Source: “The Descendants of Stephen Flanders of Salisbury, 1626” Author: Ellery Kirke Taylor
Published privately: 1932 58th out of 150 copies (Boston Public Library)
Taylor finds that Stephen Flanders, Sr. came to America probably from Salisbury, England in 1646. He maintains that Flander's wife, Jane, was of European descent and and not a native American. I agree that the oft-repeated and much discussed Sandusky story is Flanders folklore (First heard it myself 60+ years ago from my uncle, Earle Flanders of Monmouth, Maine!). Stephen's oldest son was Stephen, Jr who had 5 other siblings. Jane died the year before Stephen died, so she is not mentioned with the children in his will which Taylor includes in full in the book. Taylor"s work comprehensively records 4 generations of Stephen's childrens' children, etc. The book is a big help to anyone trying to outline their Flanders family tree back through the 17 and 16 hundreds in America.

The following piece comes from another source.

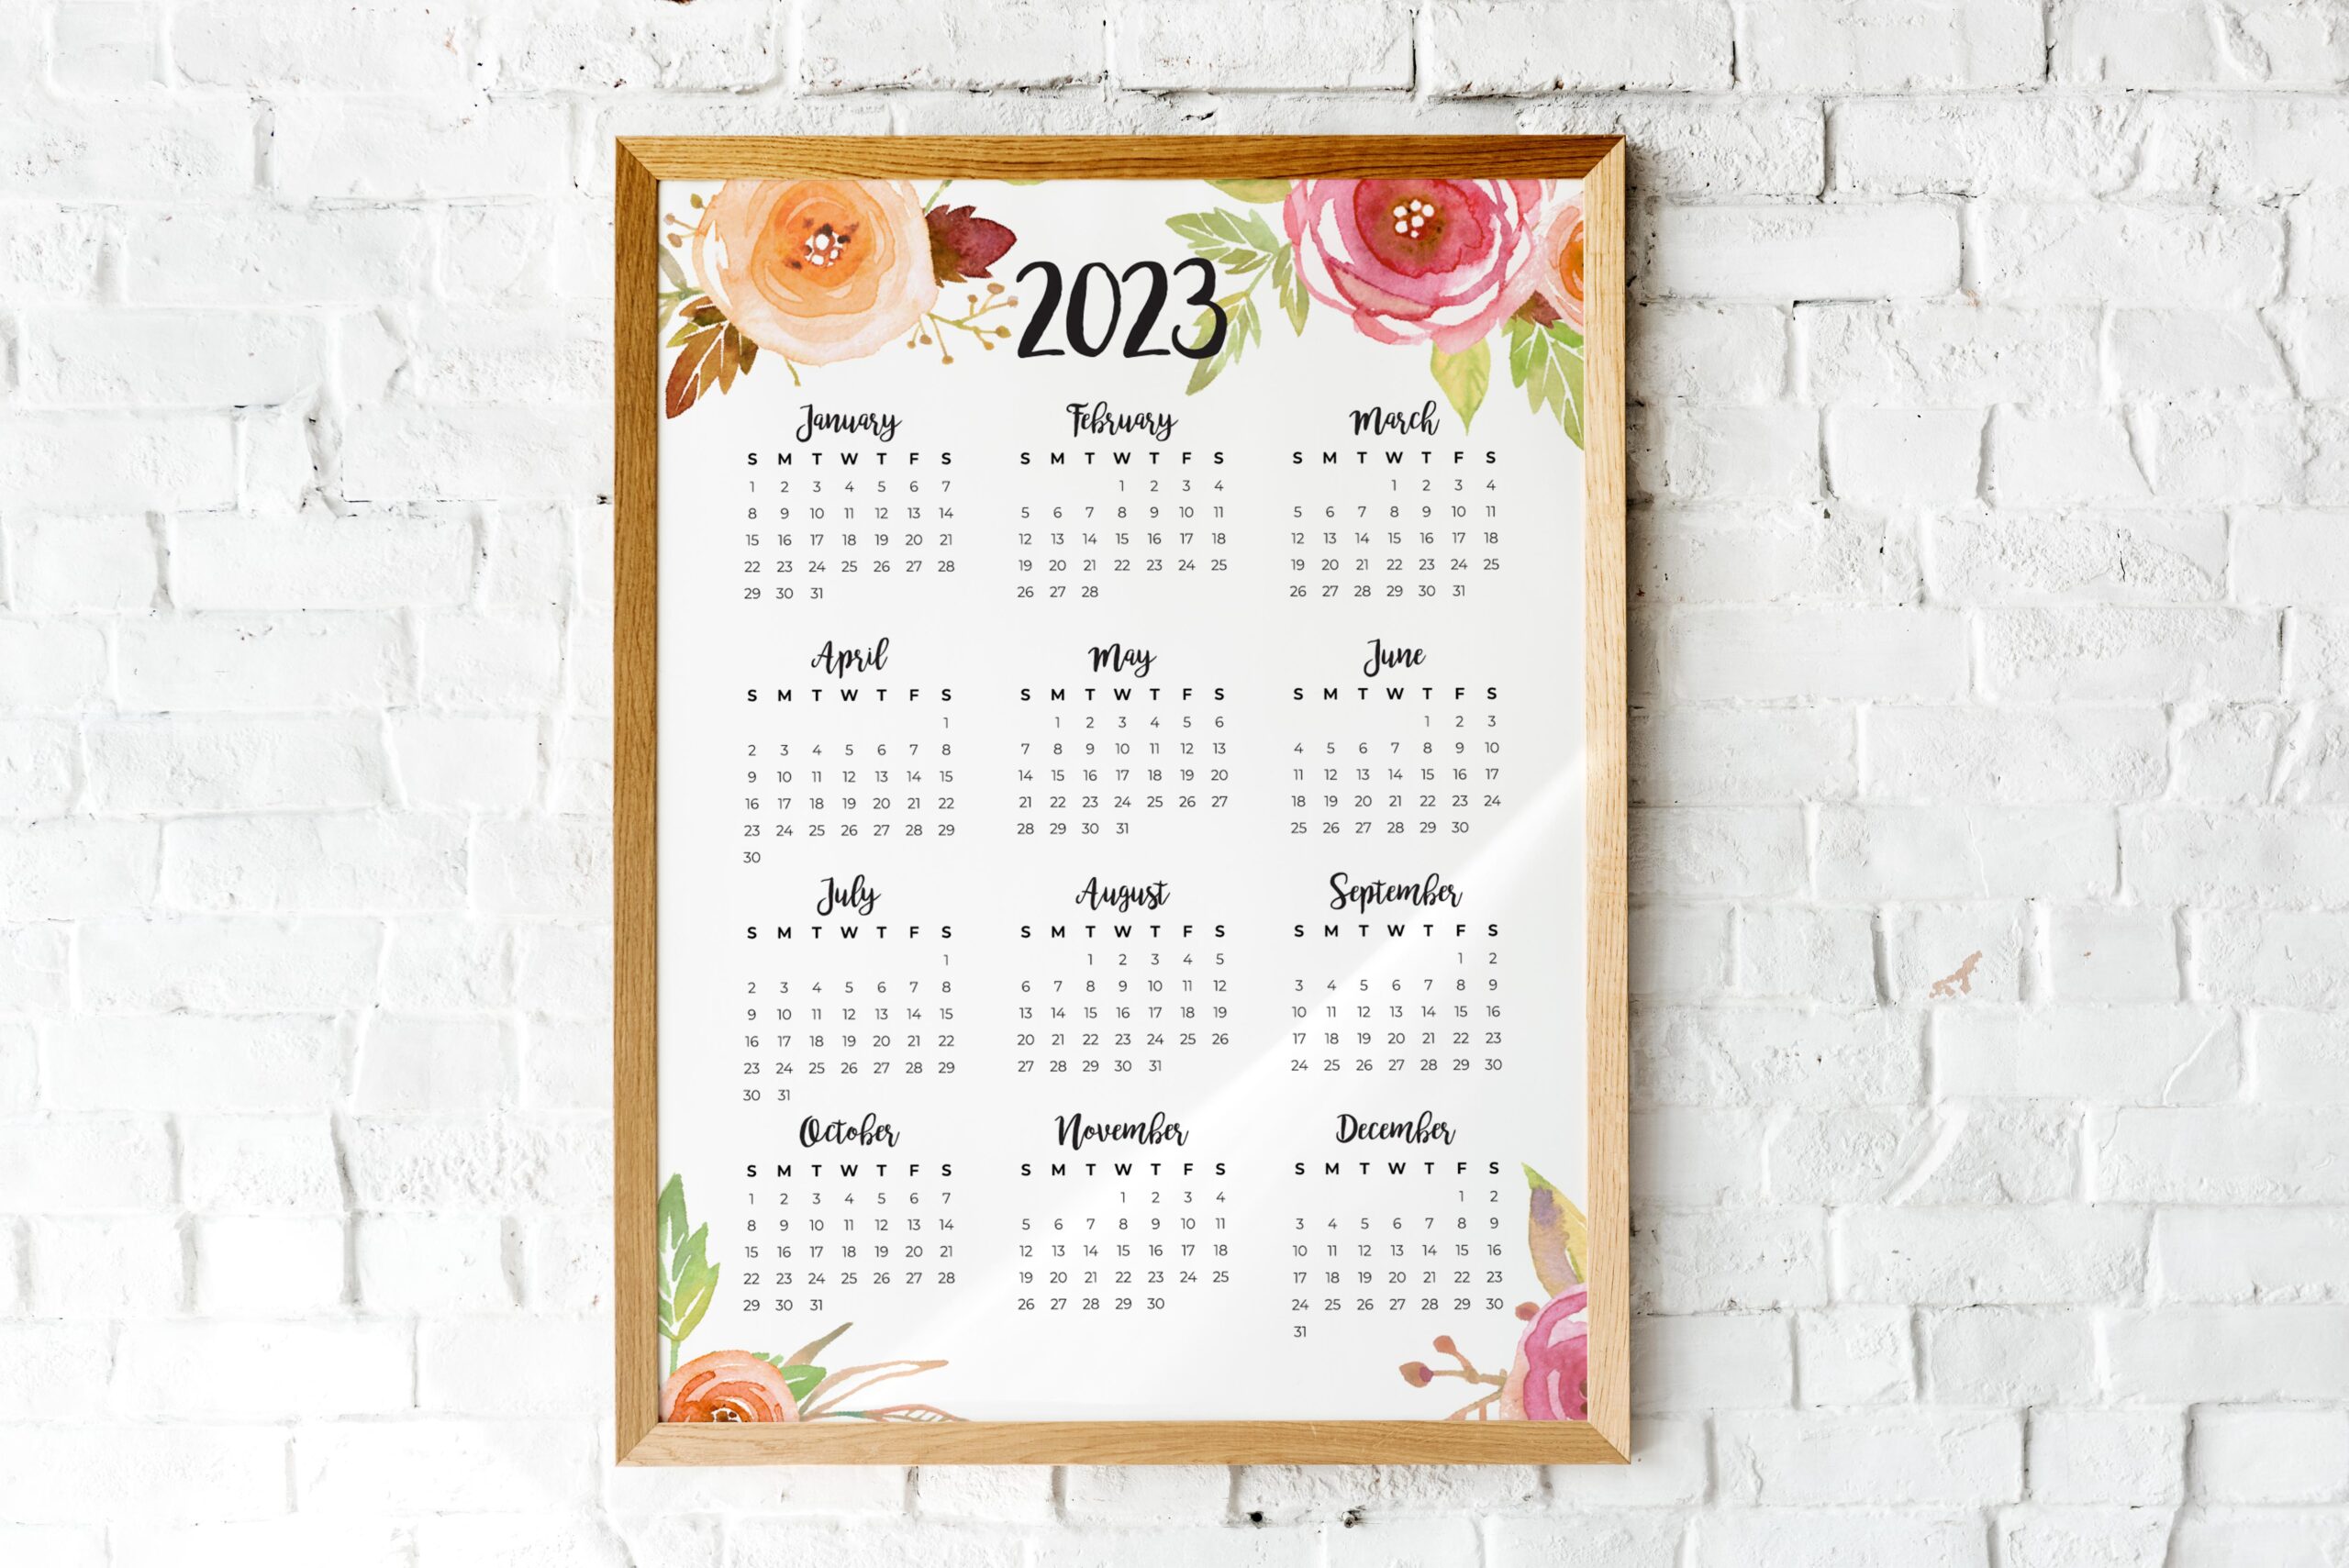 2023-year-calendar-yearly-printable-yearly-calendar-2023-free-download-and-print-galaxypw

The identification of Salisbury, England as Flanders place of origin is based as much on theory as definitive documentation. Here is Taylor's argument. First a number of “planters” (landowners outside the village proper but not owning land in the village) who first settled in Salisbury, MA were from the Cathedral City of Salisbury, England. It was also customary for such groups to name their new home after their hometowns in Europe. The argument here is that Stephen Flanders was in that group, although not in the first wave of immigrants.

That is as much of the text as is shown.